* **WHAT TO WORK ON**:
After finding the line that holds "STP Octane Booster Girly Tee" below, set down that line and the rest through the final one exactly, leaving the pictures out.

* **COLLECTED MATERIAL**:
____
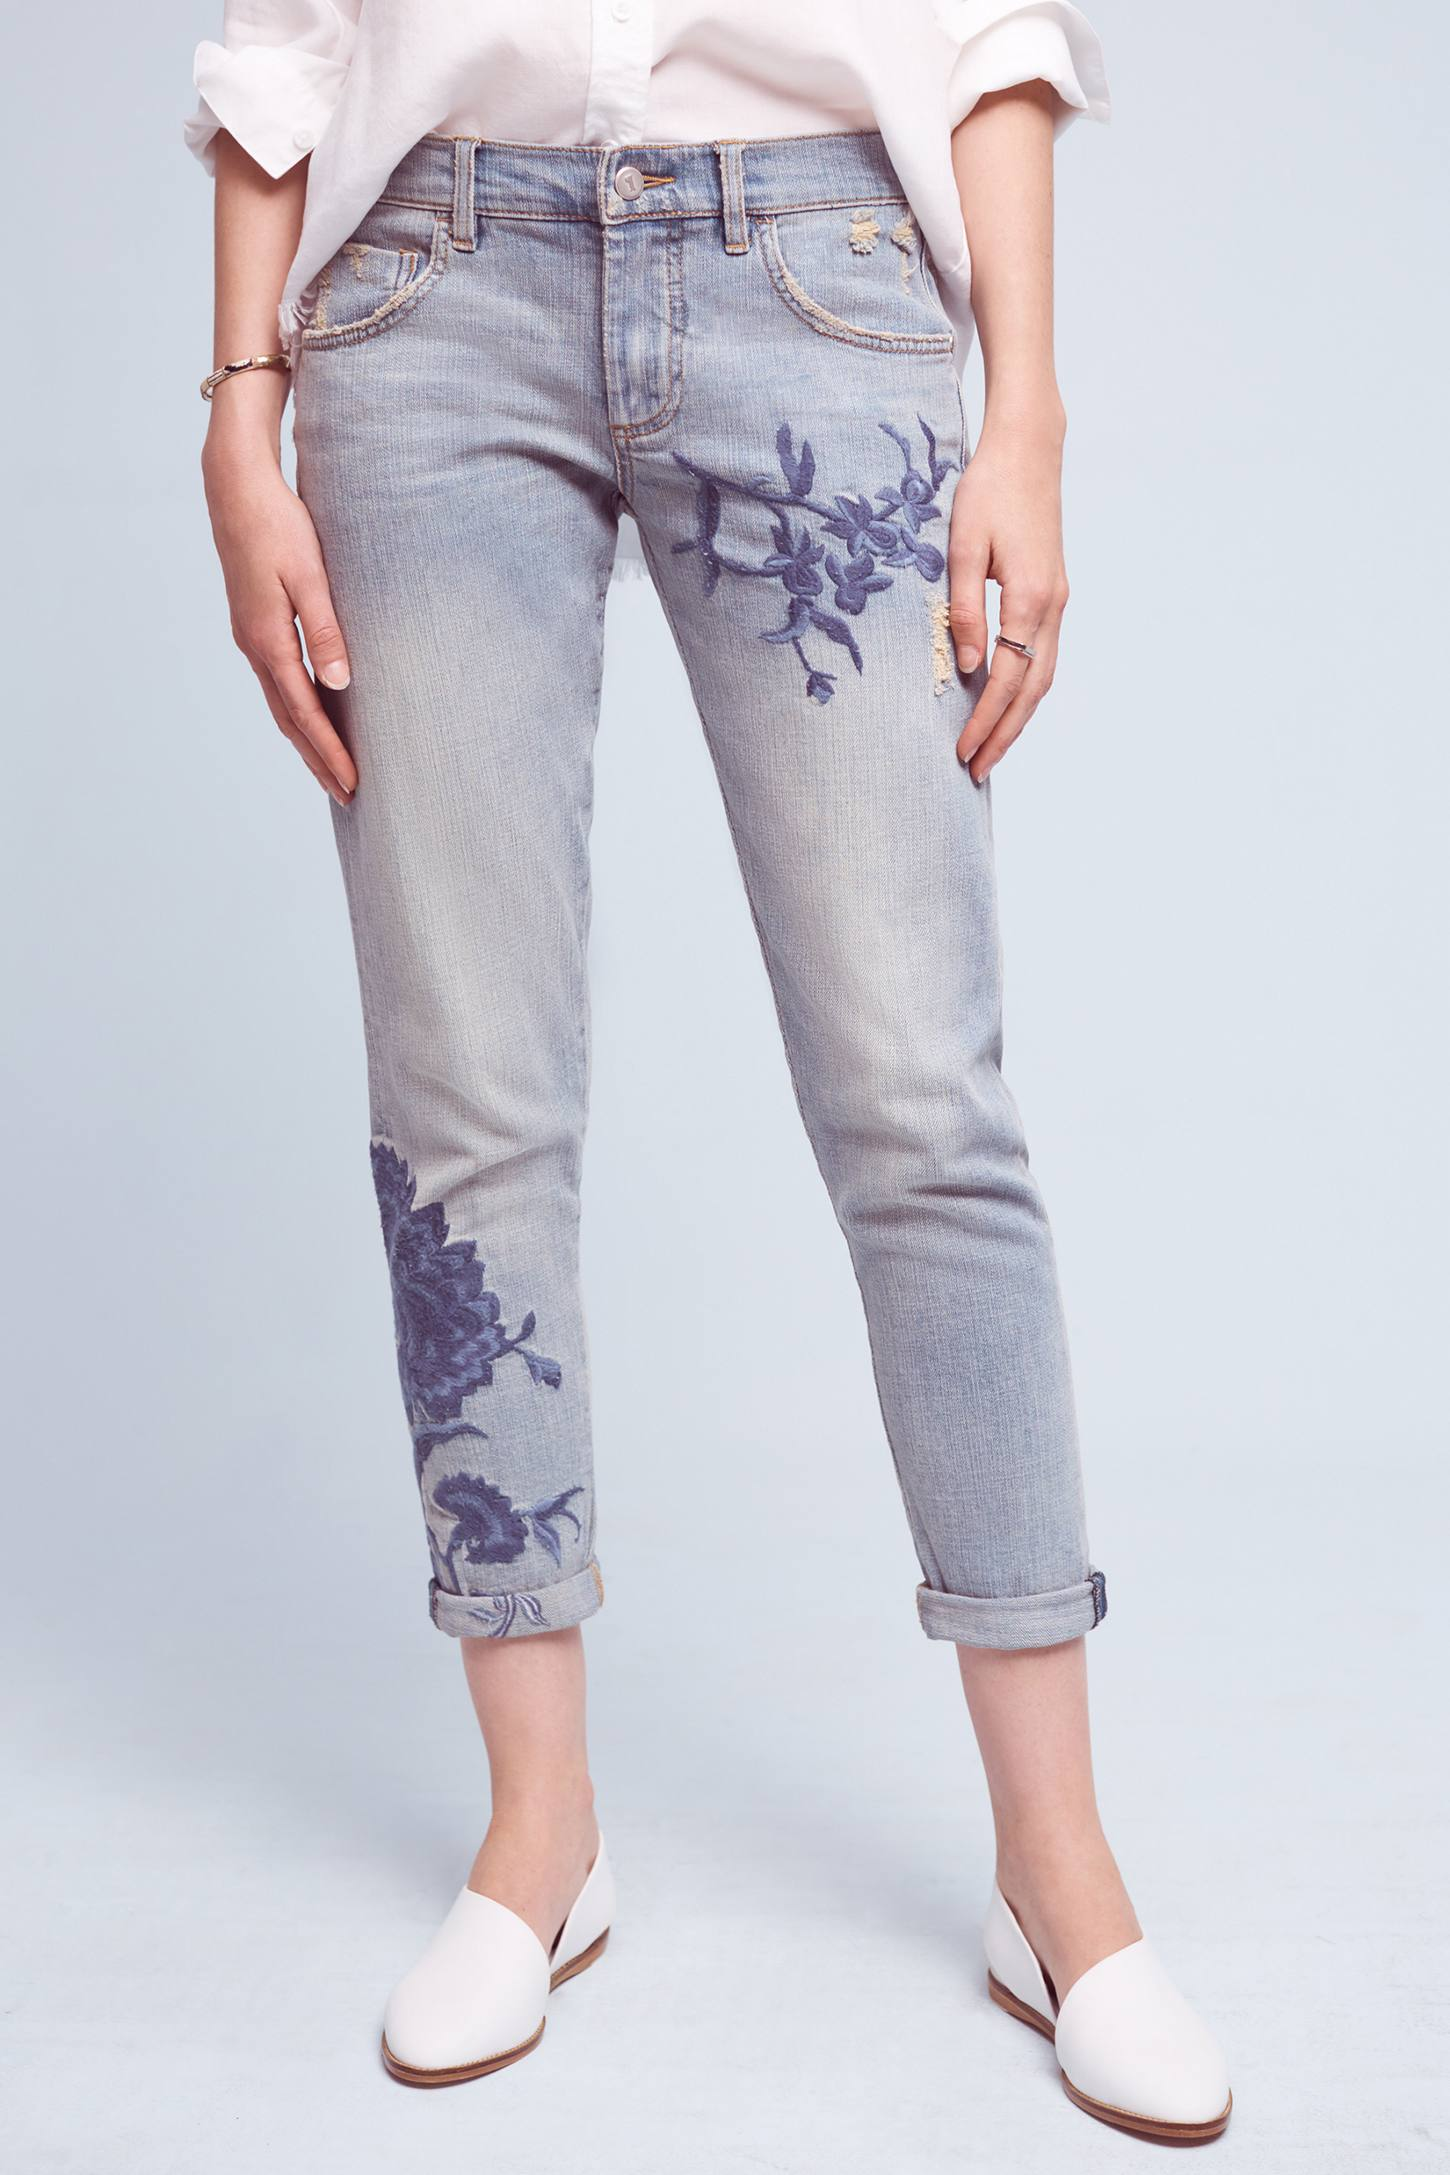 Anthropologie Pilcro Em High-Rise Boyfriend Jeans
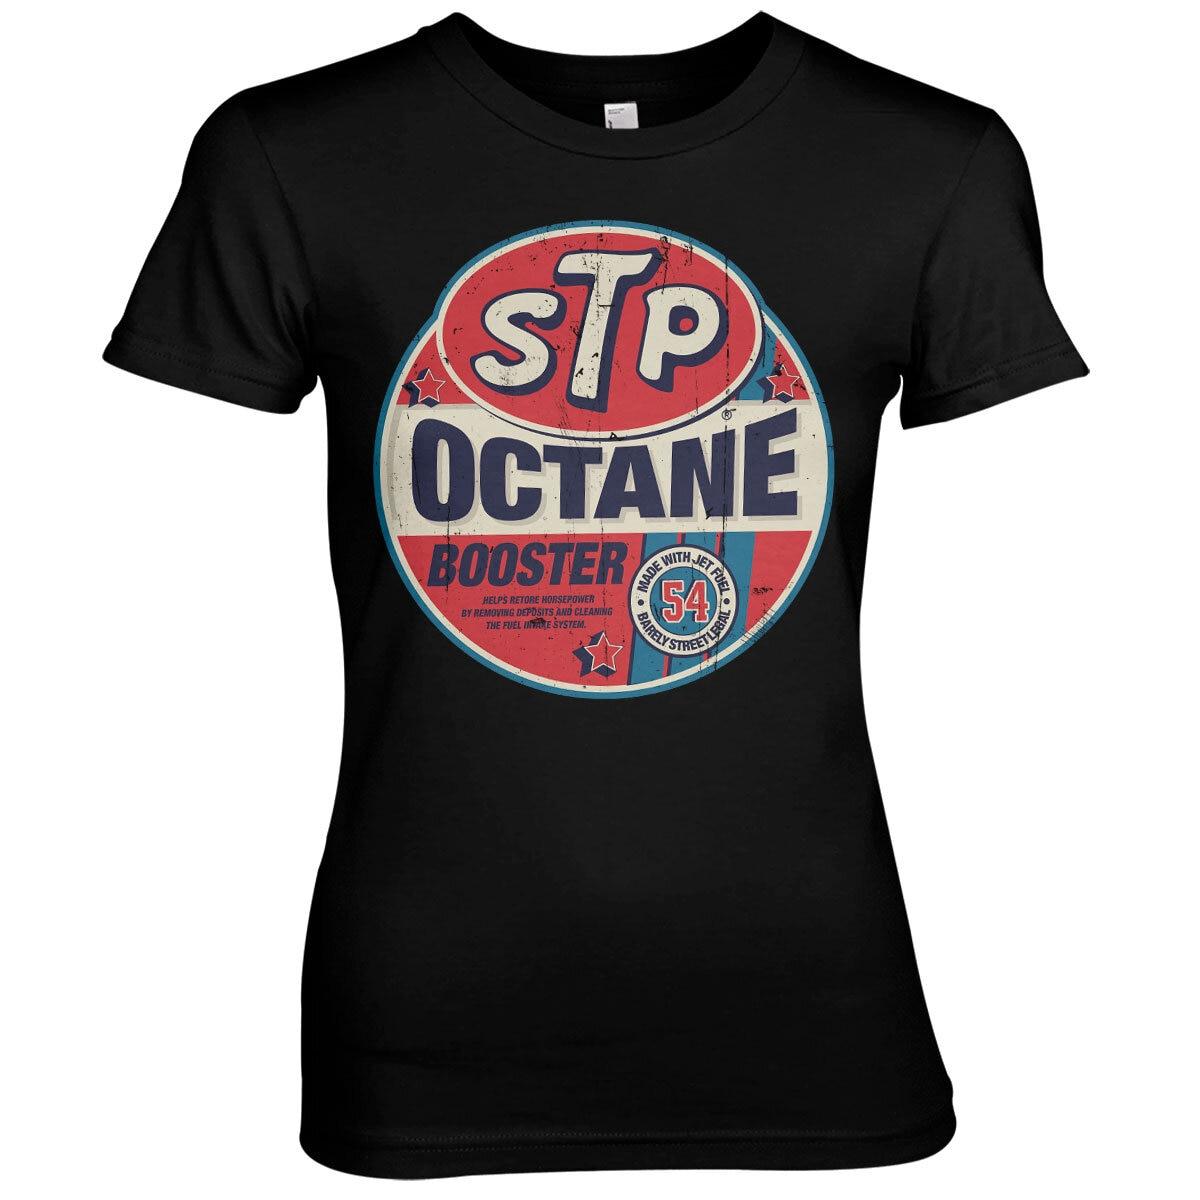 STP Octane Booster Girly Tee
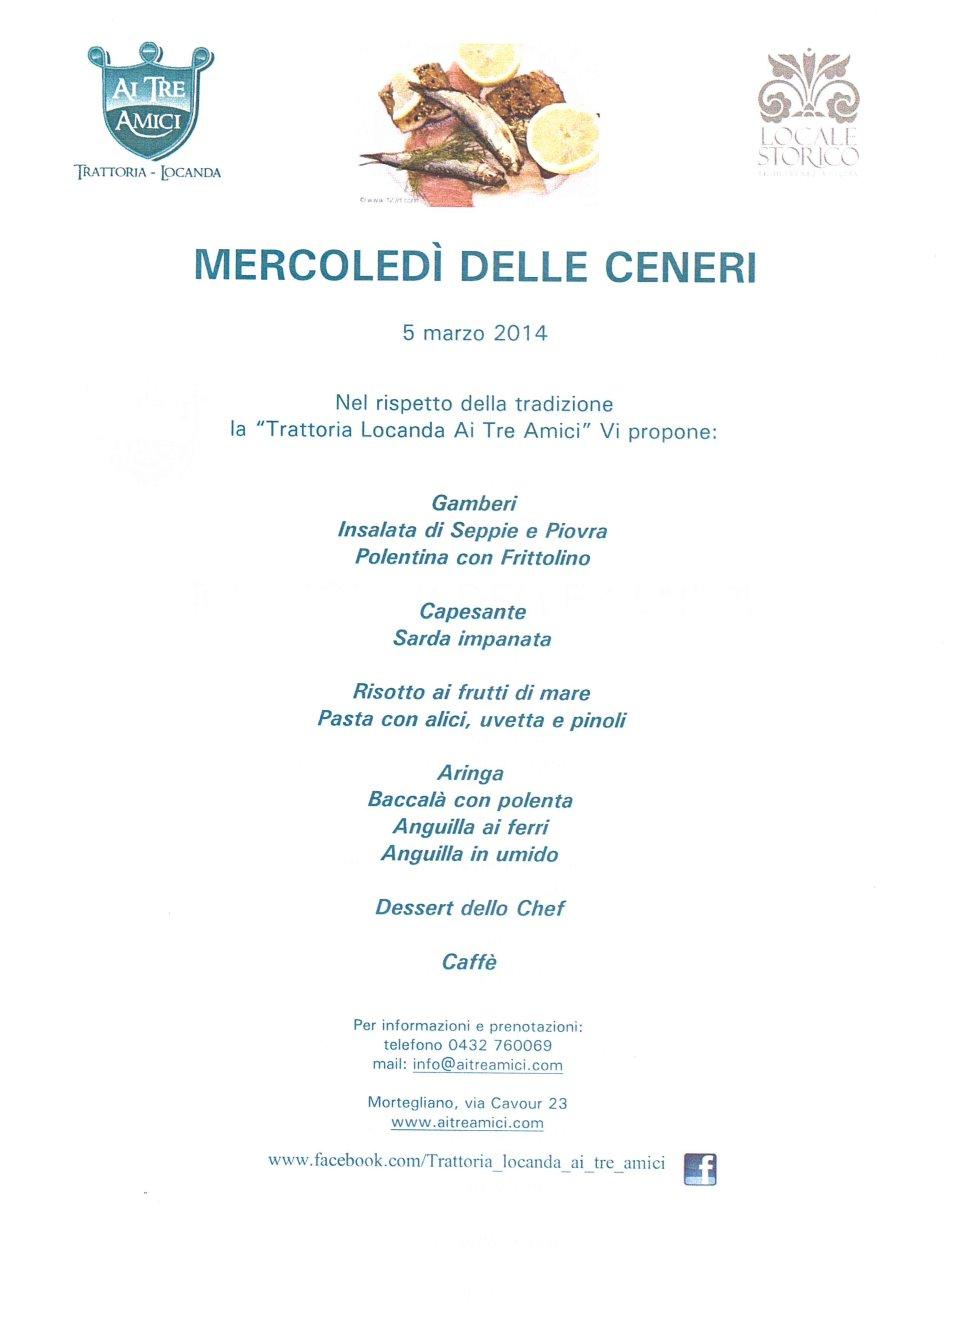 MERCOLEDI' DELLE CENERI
____
* **ANSWER AREA**:
 STP Octane Booster Girly Tee
 MERCOLEDI' DELLE CENERI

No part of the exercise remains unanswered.